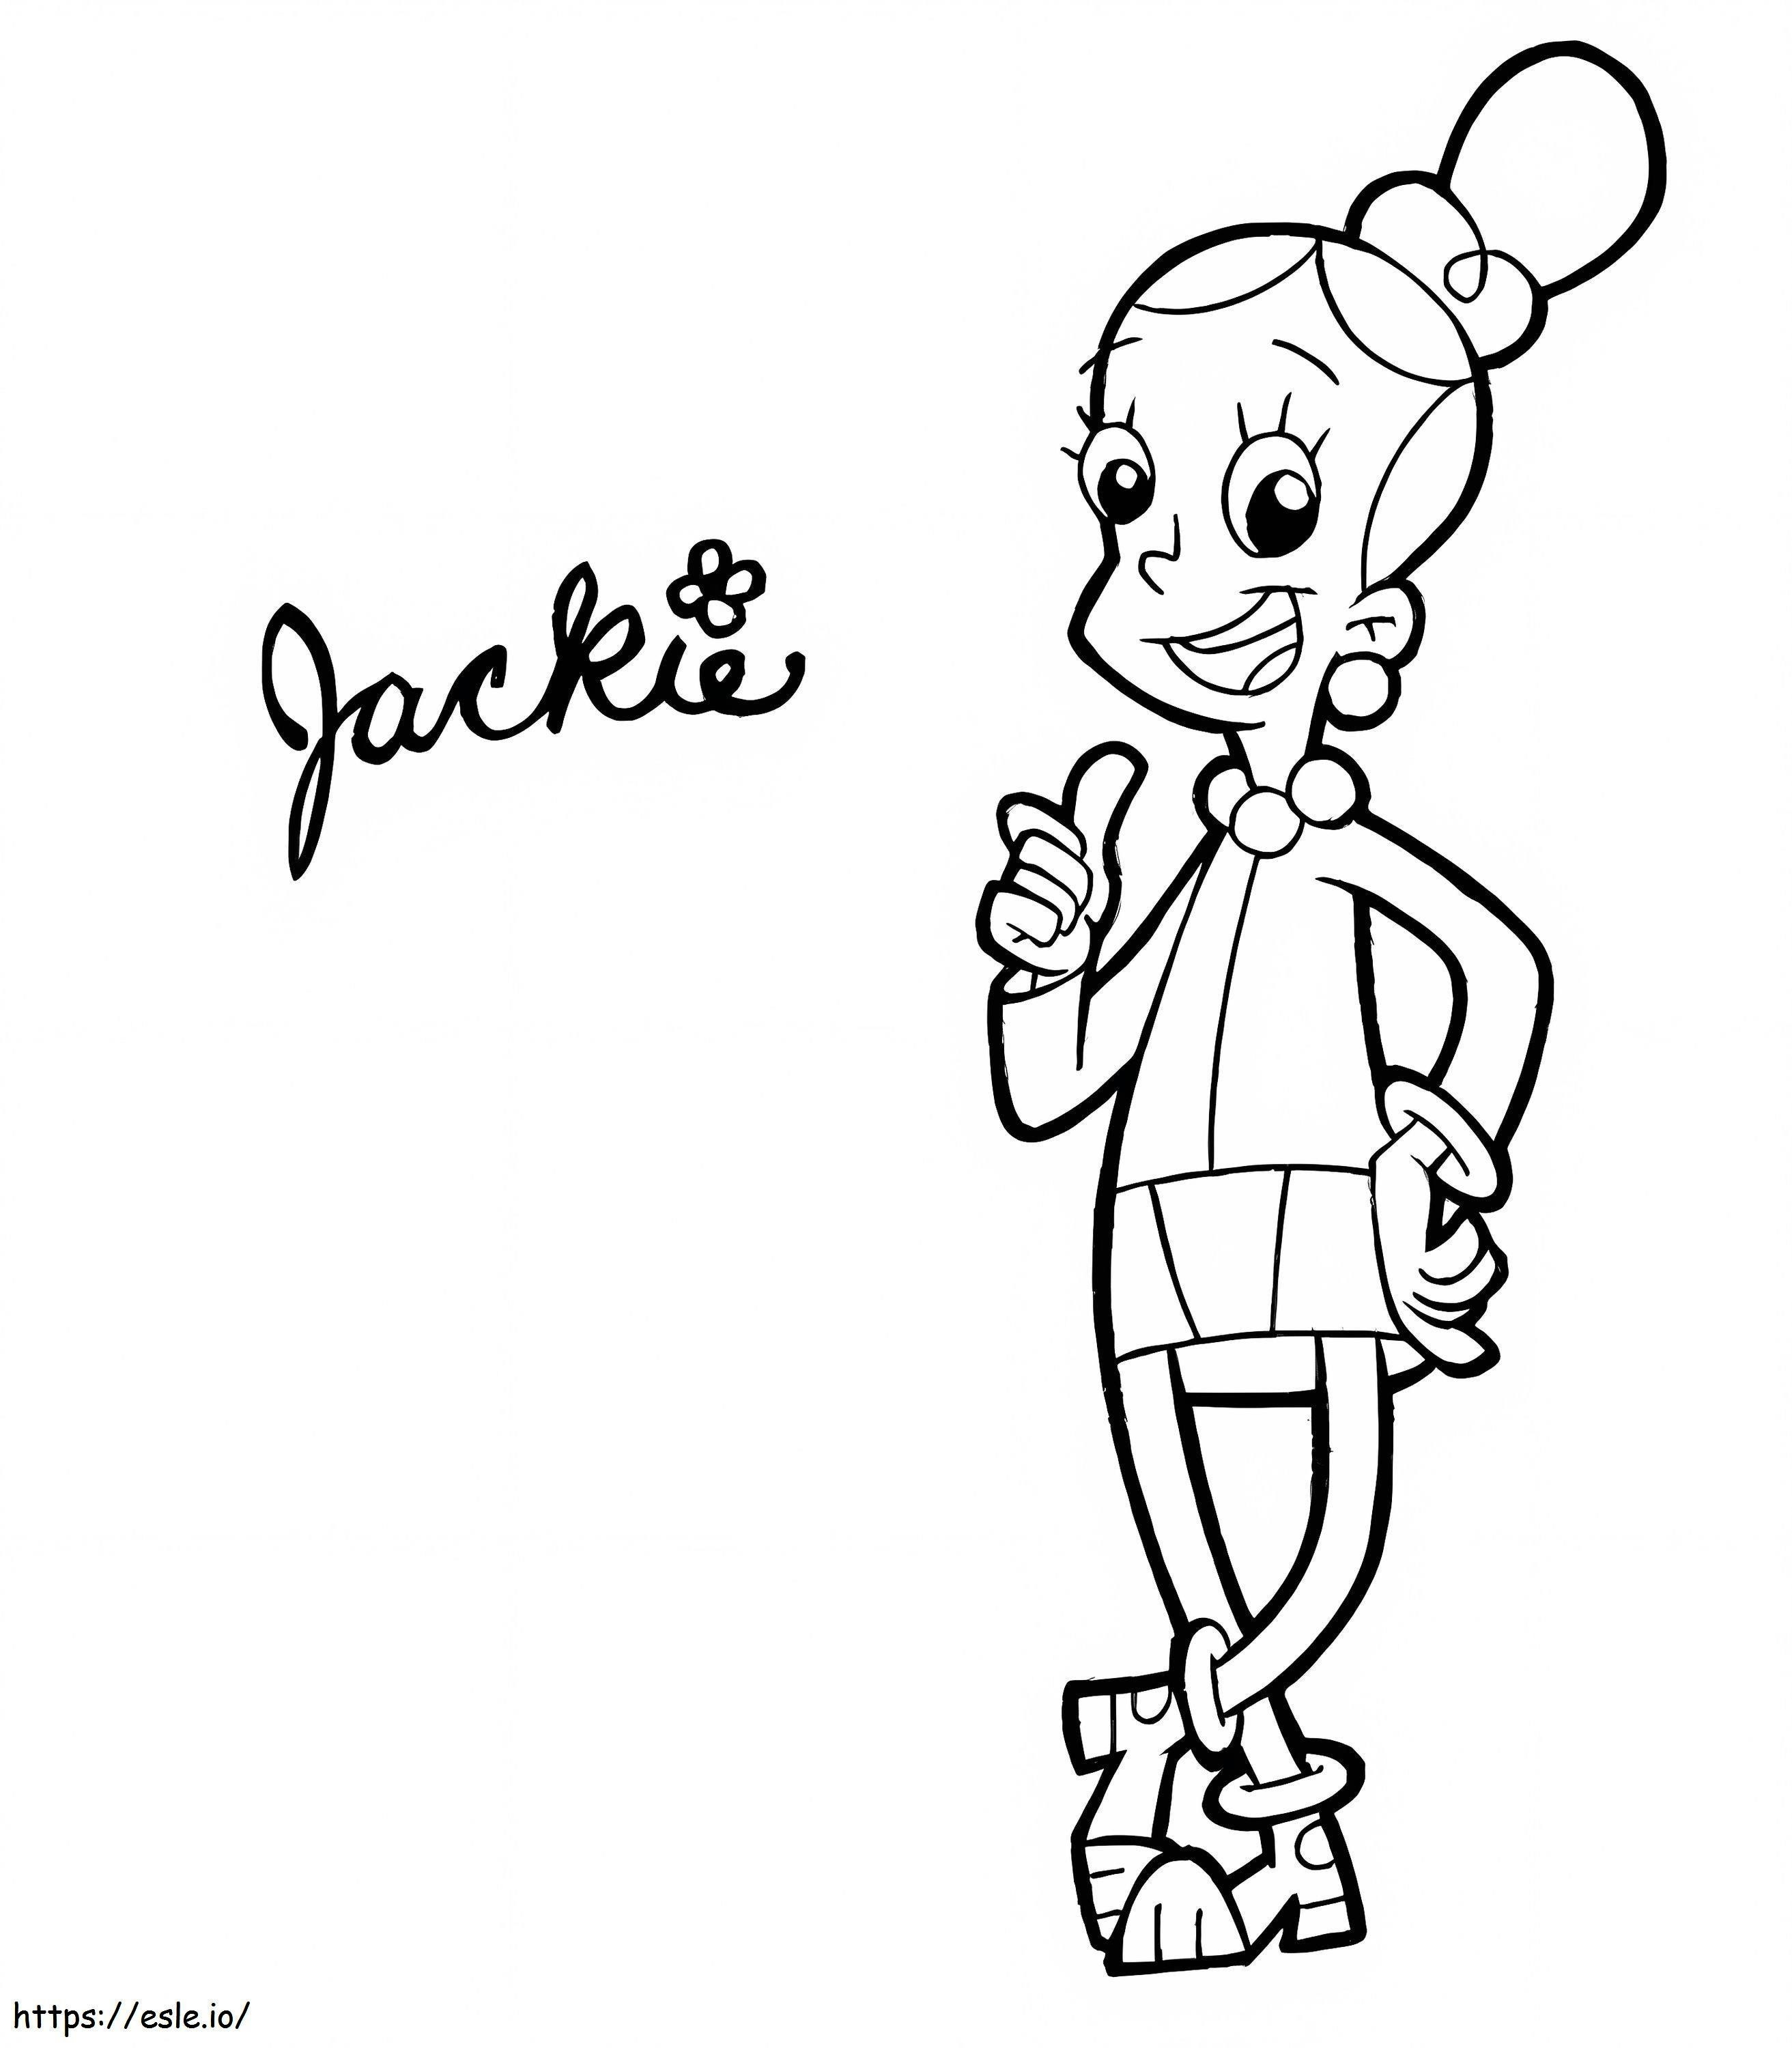 Jackie Cyberchase Smiling coloring page
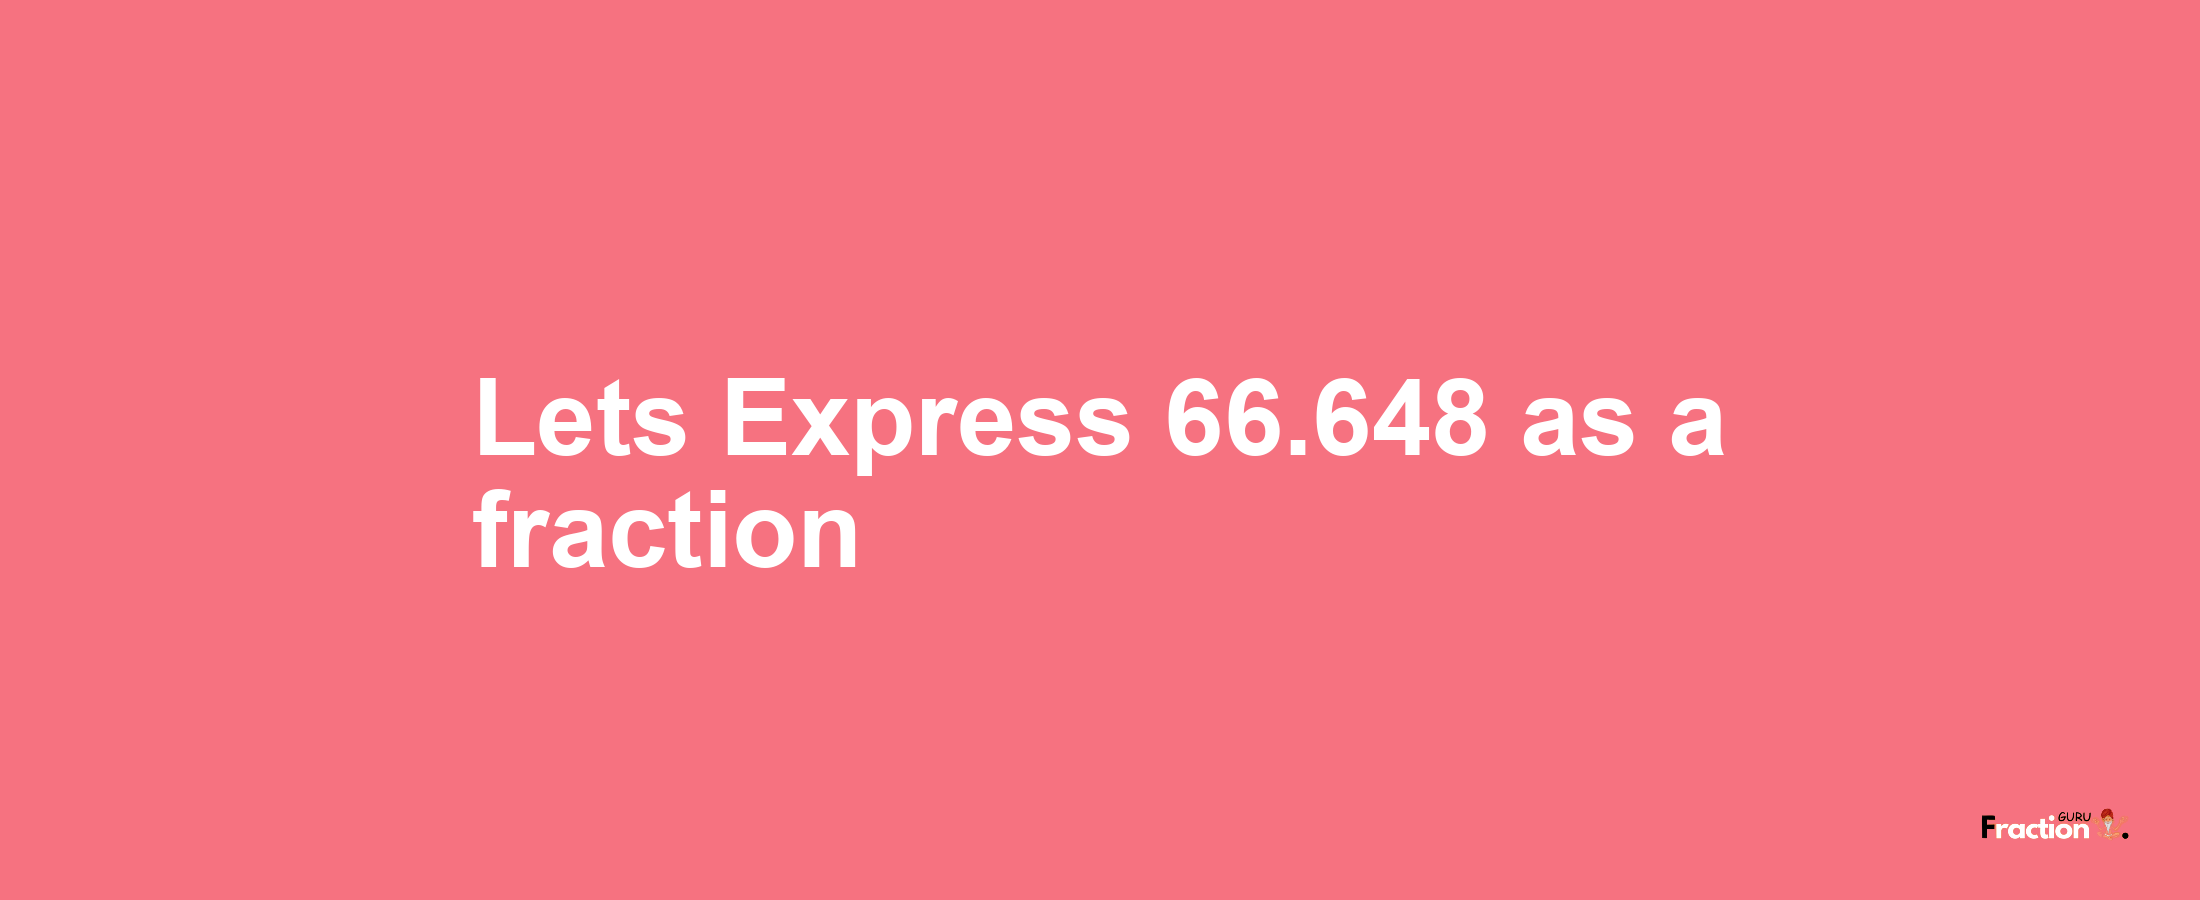 Lets Express 66.648 as afraction
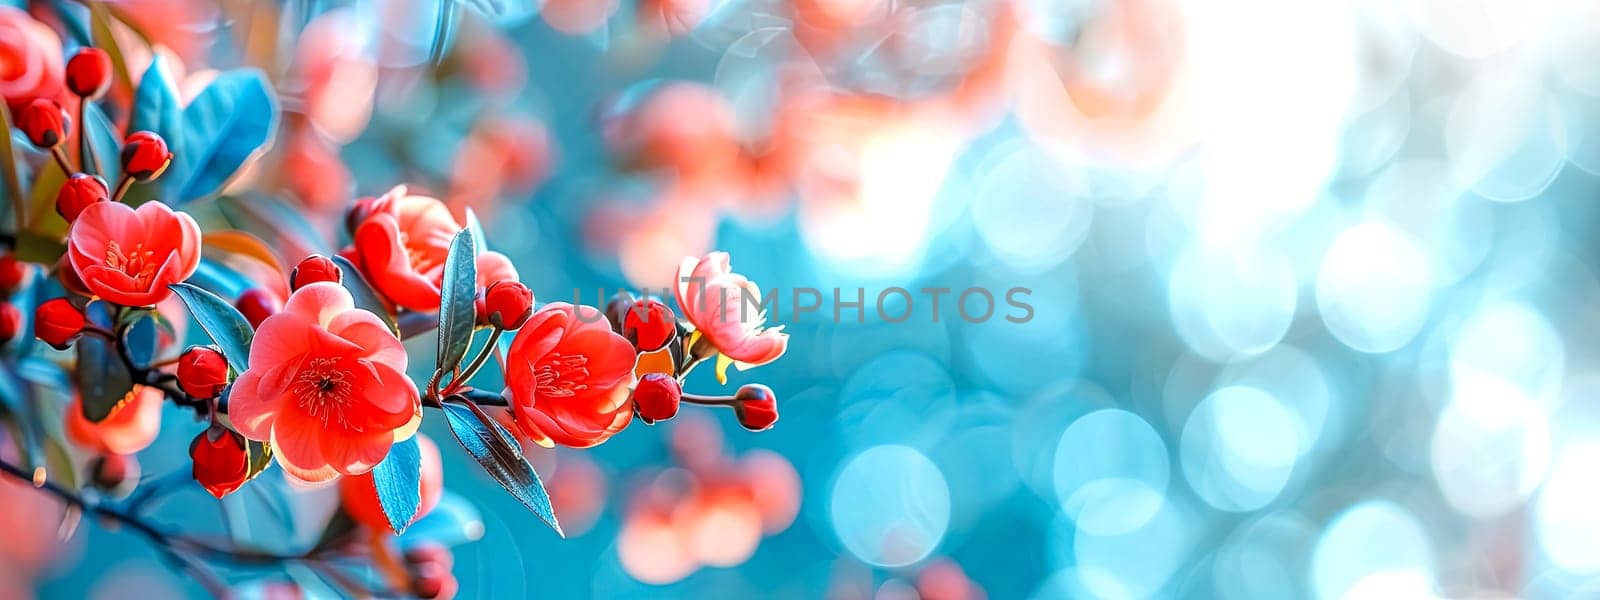 A vibrant flowering plant with red flowers and berries, set against an electric blue sky. The colorful petals create a beautiful pattern in this macro photography, complemented by fluffy clouds.
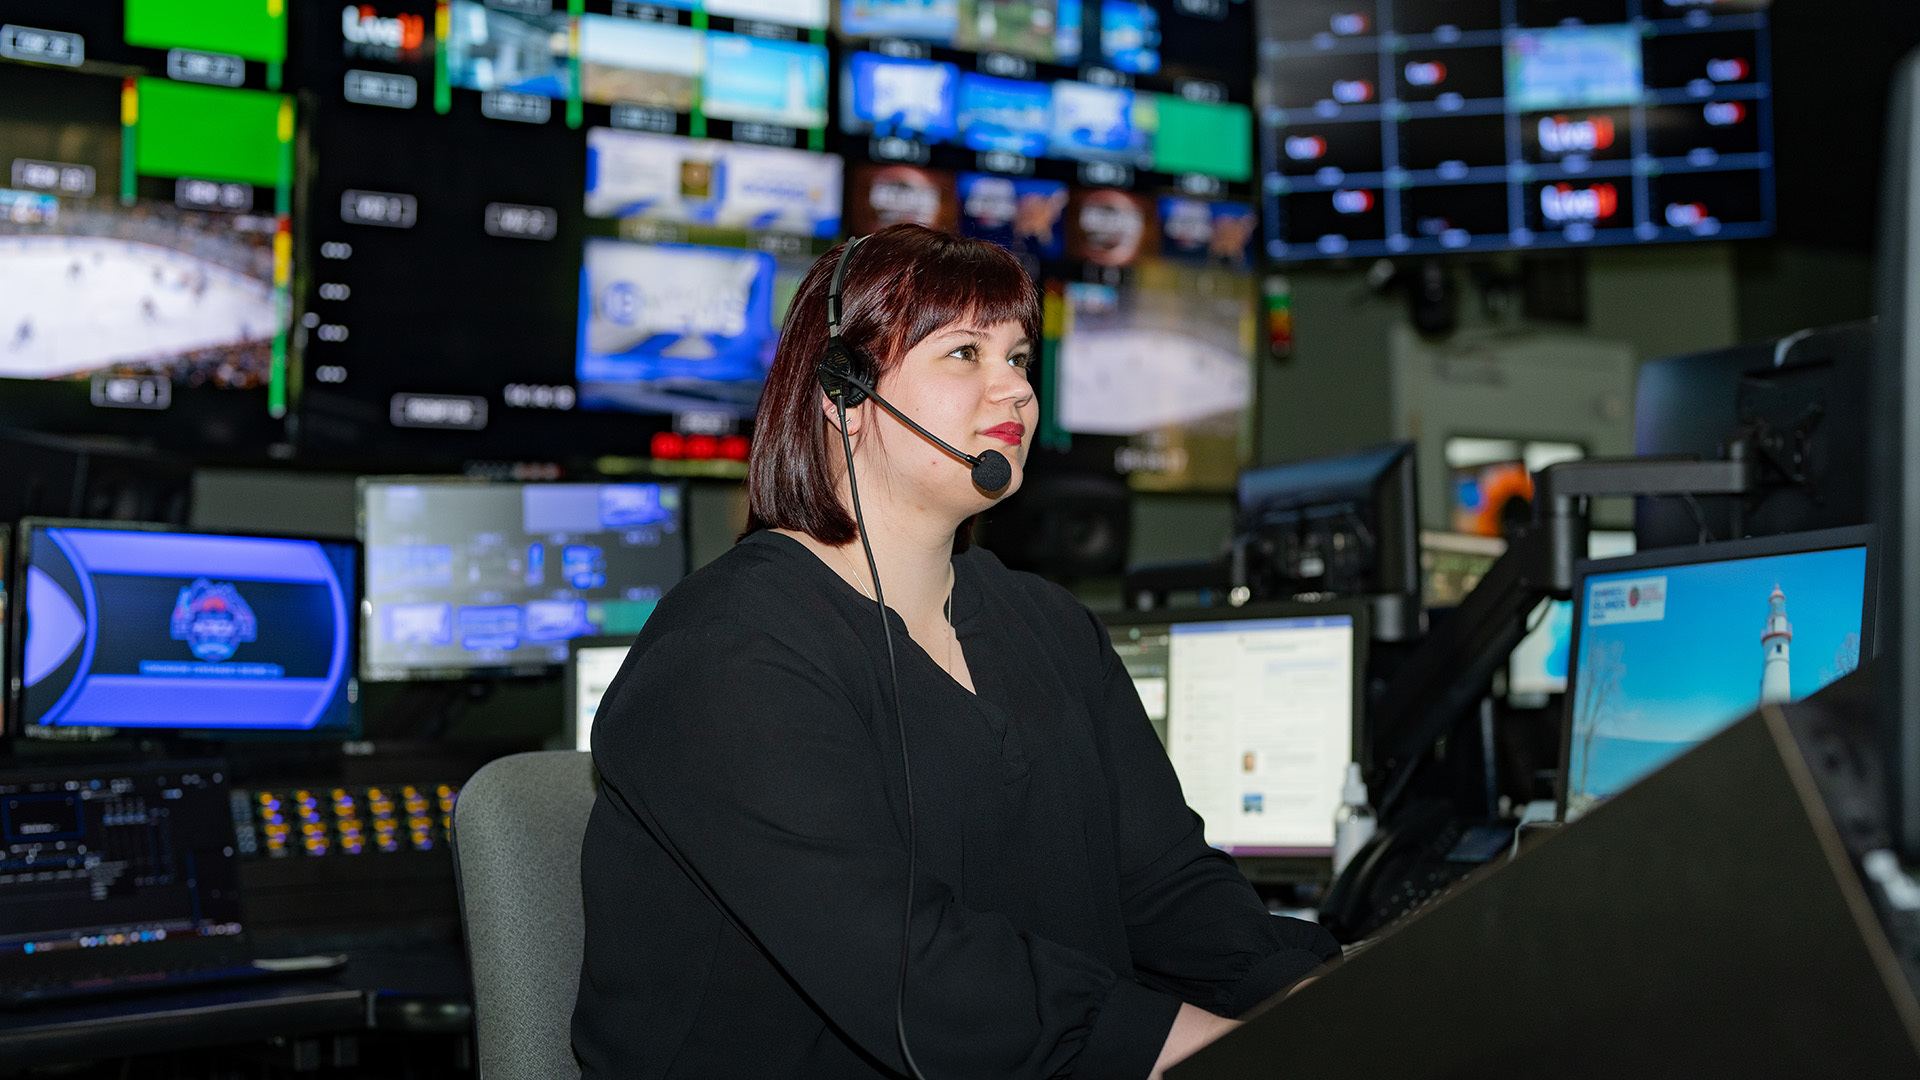 A person wearing a headset sits in a TV news control room.

TASK PROMPT
Restate the entire listing word for word, excluding pictures.

RESPONSE BELOW
 Jackie Cyberchase Smiling coloring page
 Lets Express 66.648 as afraction
 A vibrant flowering plant with red flowers and berries, set against an electric blue sky. The colorful petals create a beautiful pattern in this macro photography, complemented by fluffy clouds.
 A person wearing a headset sits in a TV news control room.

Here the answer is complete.